CHAPTER 16
Dogs Howling in the Dark of Night
It’s springtime, and sixth grade is almost over. Soon I will leave the elementary school and enter junior high, where I’ll put my books in a locker and be forced to take showers after gym class. (The creepy female gym teachers will stand in the locker room and watch and they’ll justify it by saying they have to make sure all the girls practice good hygiene.) I’ll learn how to make a pillow with a sewing machine in home ec and shred the tip of my right thumb on the jigsaw in wood shop. I want to get away from Heather Grain and I’m pretty sure I will. She’ll be in the middle-track classes and I’ll be in top tier, but her house is just a few blocks from ours, so I’ll have to see her on the bus twice a day.
One morning, a boy on the bus will have a magazine page he’s ripped from his dad’s Hustler. It will show a woman on her knees, naked, a triangle of ash-blond pubic hair between her legs. She will be straddling a man’s face, his mouth and nose inside of her. He’s eating her out, the boy will say, and I will laugh a small nervous laugh because I’ll like looking at the picture and hearing the boy talk about it and I’ll want him to talk about it some more.
But my laugh will make Heather Grain notice me and that will be a mistake. She will turn to me, her green eyes drilling holes into mine. “No one will ever eat you out because your pussy is so hairy even you can’t find it.” She’ll say this as if I’m invisible, not even there. She’ll say this as if she’s able to read my mind.
The summer before junior high I begin to feel a sense of doom washing over me, a river of doom perceptible only to me. I count everything I can get my hands on, repeat silent mantras in my head, wish on every eyelash, every North Star, every puff of dandelion seed I explode with my breath. The seeds break and hover in the air, tiny clouds of plant-based smoke.

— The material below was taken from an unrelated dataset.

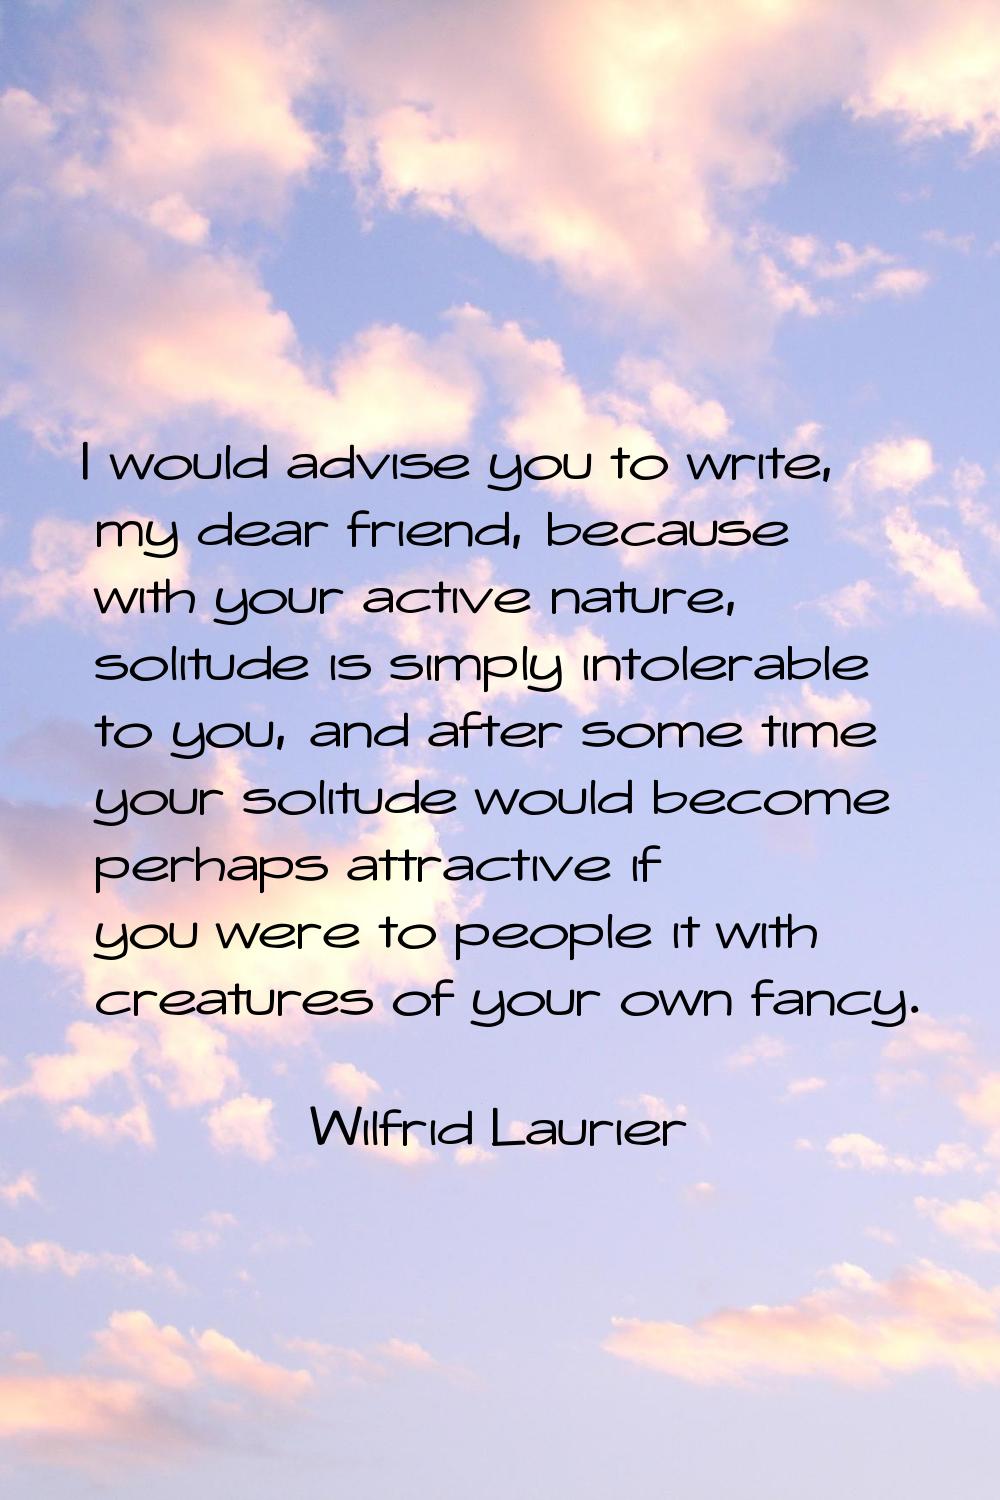 I would advise you to write, my dear friend, because with your active nature, solitude is simply in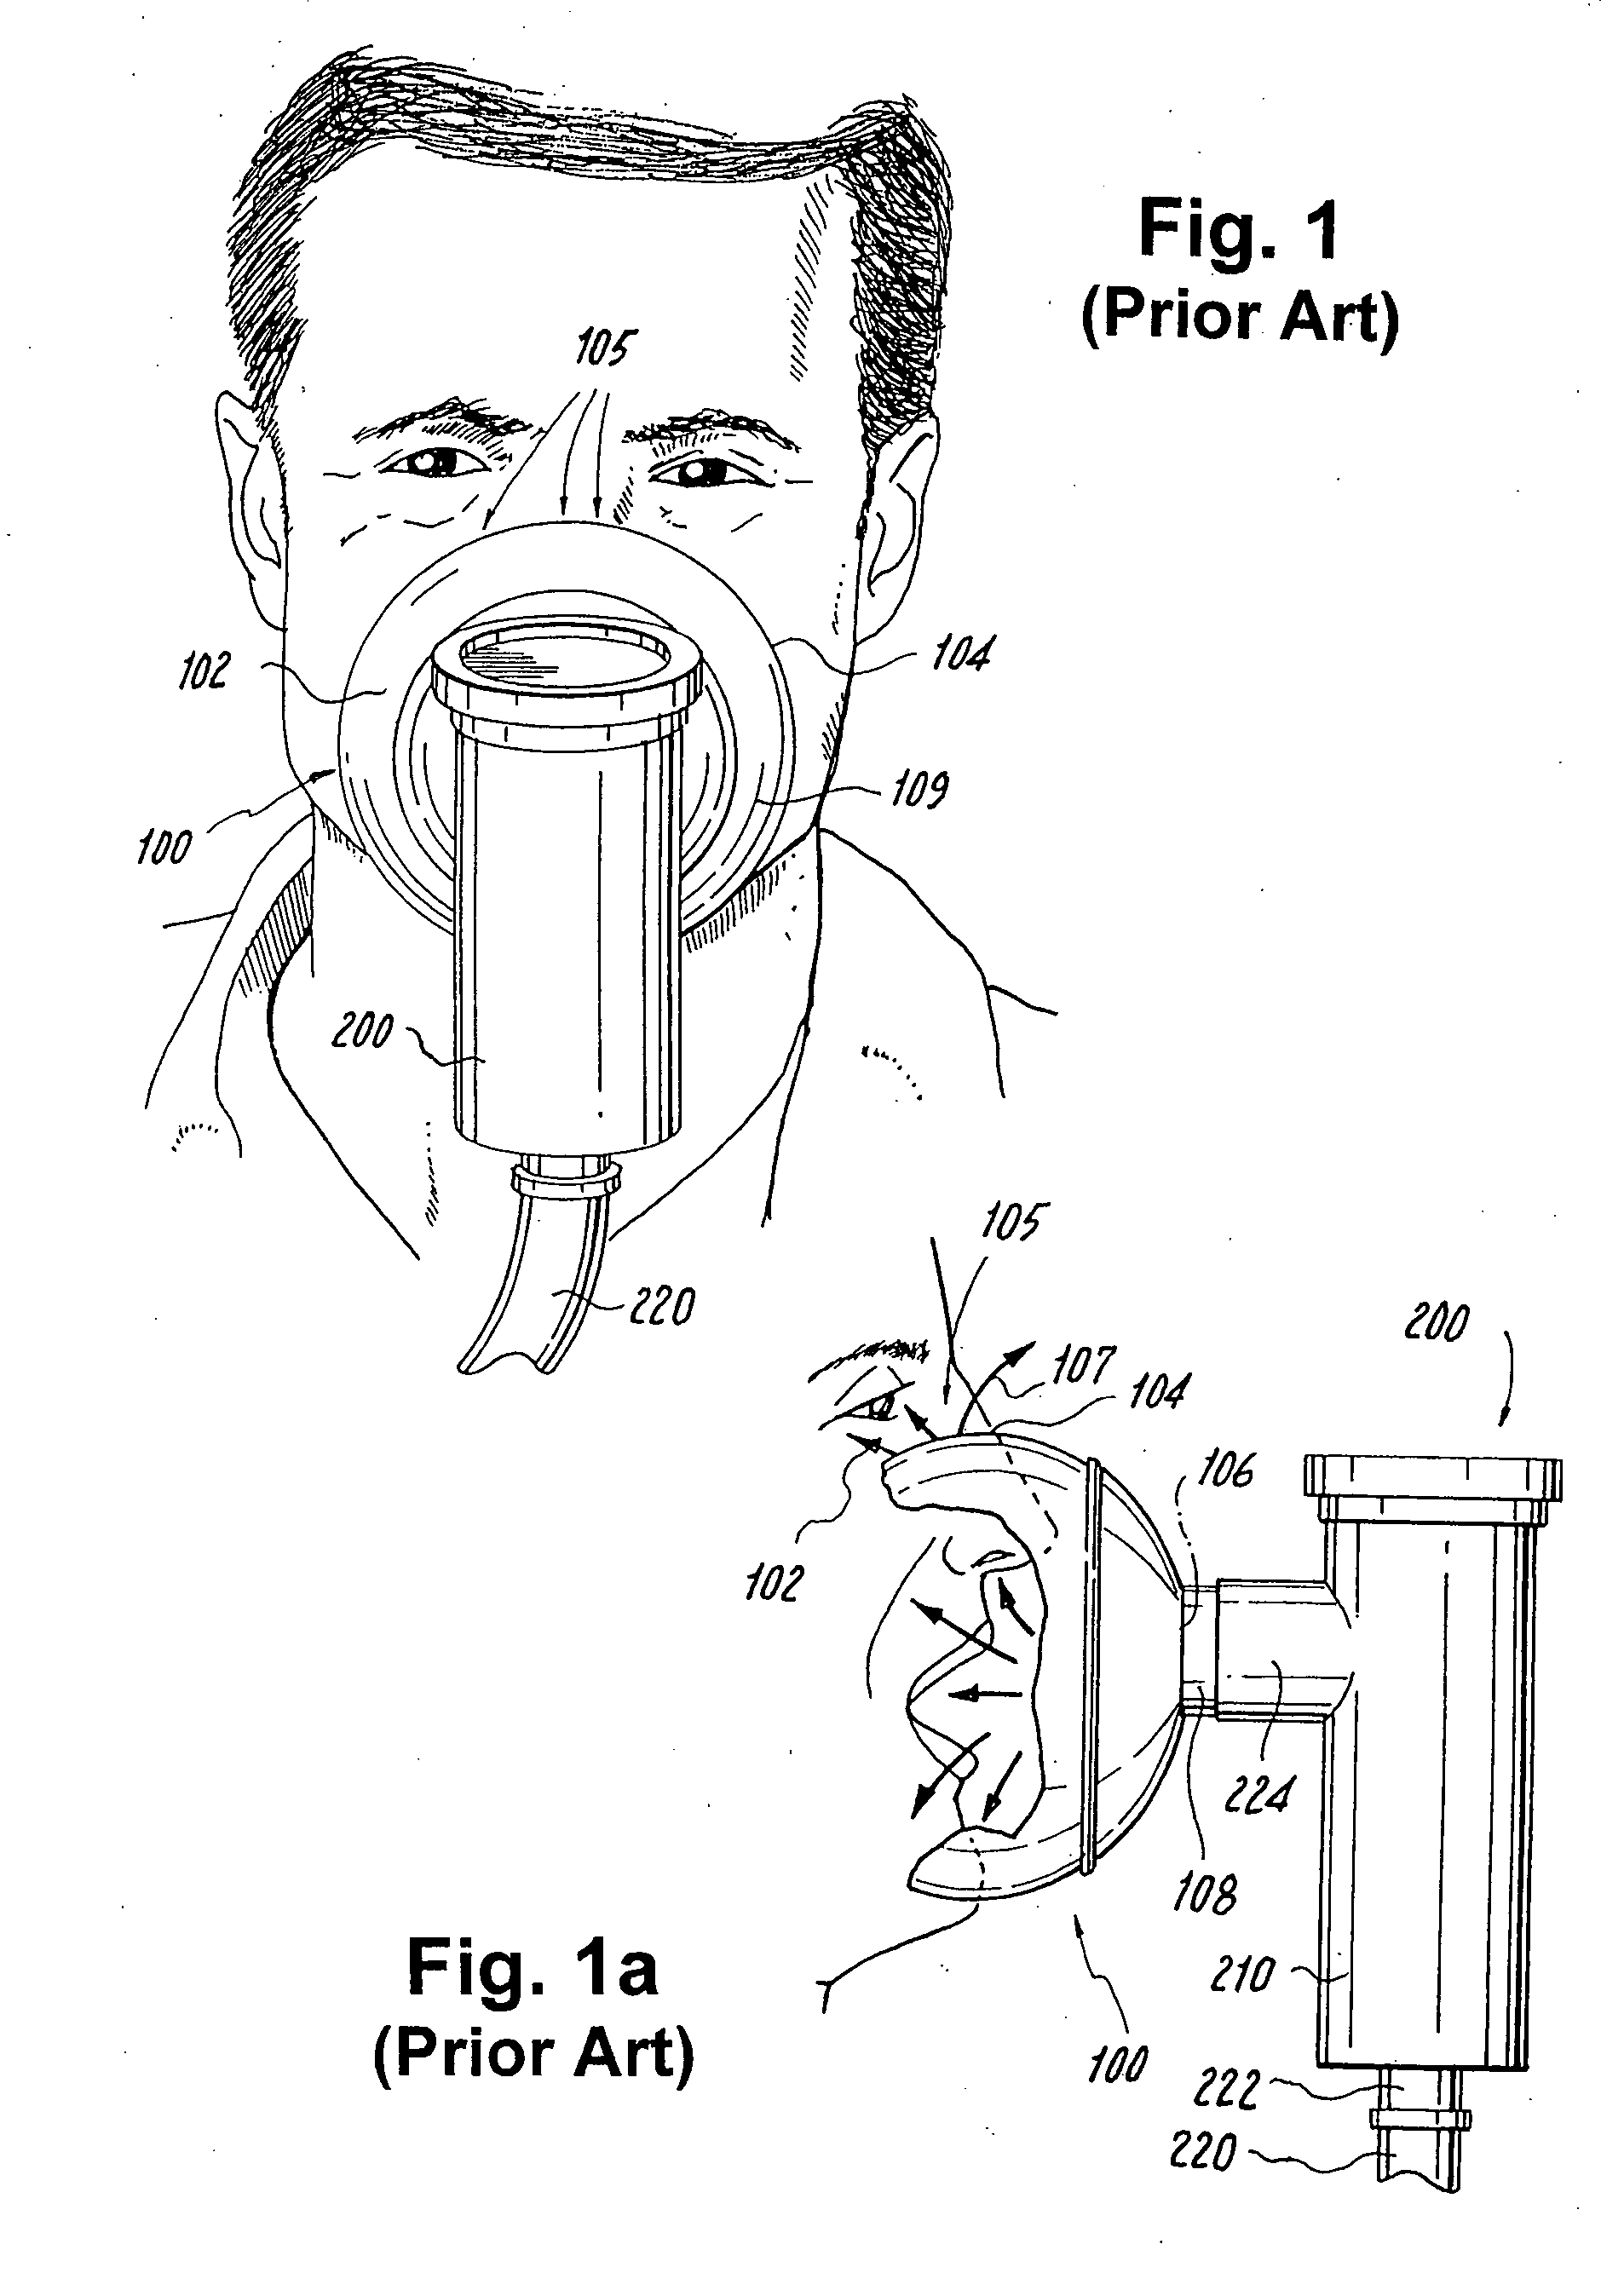 Face mask for use in pressurized drug delivery systems

I work to keep myself barely visible around the house. I don’t like to get in my mother’s way. She appears to be far far away, as if I’m looking at her through the wrong end of a pair of binoculars, as if she exists in a little glass globe up high on a shelf. Linda is going to be in high school in the fall, and my mother has turned most of her energy to editing and critiquing Linda’s social life.
Mother doesn’t like Linda’s friends. Jenny Marcus is an airhead, Krista Clay is rude, Mary Margaret Pearson is too skinny and her family is cheap (a bunch of skinflints). Heather Ohler’s little brother has diabetes, which isn’t contagious, but still, my mother doesn’t want Linda spending the night at their house just in case. Joelle Stockman is arrogant and wears too much eye makeup.
Rochelle’s family moved to California last year. My mother liked them because they were considered wealthy for Connellsville. They had white carpet all over their home and they had a maid, but Rochelle’s father got transferred at his job doing I don’t know what. Another family is living in their house now, and it seems strange to think of other girls hanging out in Rochelle’s basement, watching Dirty Dancing and talking about Patrick Swayze’s ass in those tight black pants.
In spite of Joelle Stockman’s fondness for electric blue mascara, my mother is letting her have her birthday party in our swimming pool. Joelle’s mother, Maggie, is divorced. She’s wears bright pink lipstick and has a boyfriend named Gallo who is rumored to be involved in shady business dealings around town. Joelle and Maggie live in the same apartment complex my grandfather died in. One would think this is a creepy connection, but my mother is thrilled with it, reminding me of the fact every time Joelle’s name is mentioned around our house.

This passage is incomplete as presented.